No basta con reducir el número de aforados porque la desconfianza que el aforamiento genera en los ciudadanos se asienta no sólo en el número de privilegiados, sino también, y especialmente, en cómo se configuran los órganos judiciales a los que compete entender de los casos de aforados; dicho en otros términos, no es una cuestión de número sino de confianza democrática en la conformación de los Tribunales encargados del enjuiciamiento de los aforados o del acceso a las plazas en dichos Tribunales. Por tanto, la mejor reforma de la institución pasa por su supresión.
Junto con lo anterior, debemos tener presente que el principio de igualdad ante la Ley, y más concretamente en la aplicación de la Ley, también se ve afectado por esta institución procesal; en la actualidad, por razón del cargo que se desempeña o la responsabilidad que se tiene, no todos somos iguales ante la Ley ni tampoco en su aplicación y, sin duda, con este único argumento bastaría para derogar aquellas normas que regulan el aforamiento.

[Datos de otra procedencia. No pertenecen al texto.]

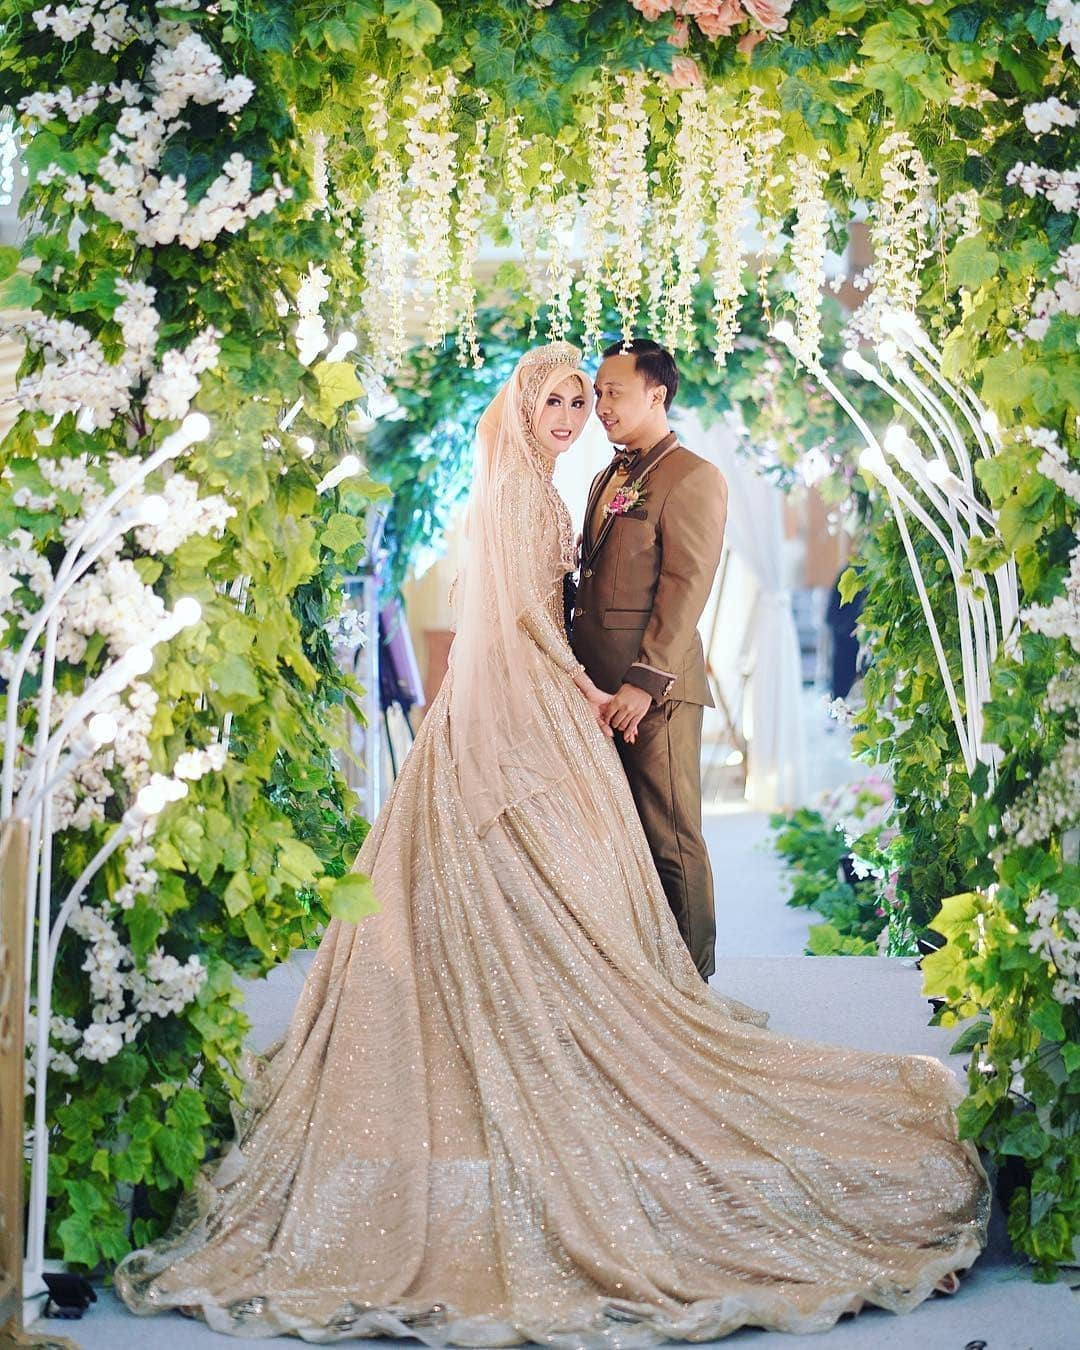 busana pernikahan

En España, a diferencia de lo que ocurre en países como Colombia, ser aforado sigue siendo un privilegio impropio de un moderno Estado Democrático y de Derecho y lo que no podemos hacer es continuar manteniendo el mismo sin renunciar a parte esencial de ese carácter democrático. Una auténtica y sólida democracia no necesita aforados sino una justicia ejemplar y ejemplarizante con aquellos que, amparados en la función pública, quiebran y abusan de la confianza que los ciudadanos hemos depositados en ellos.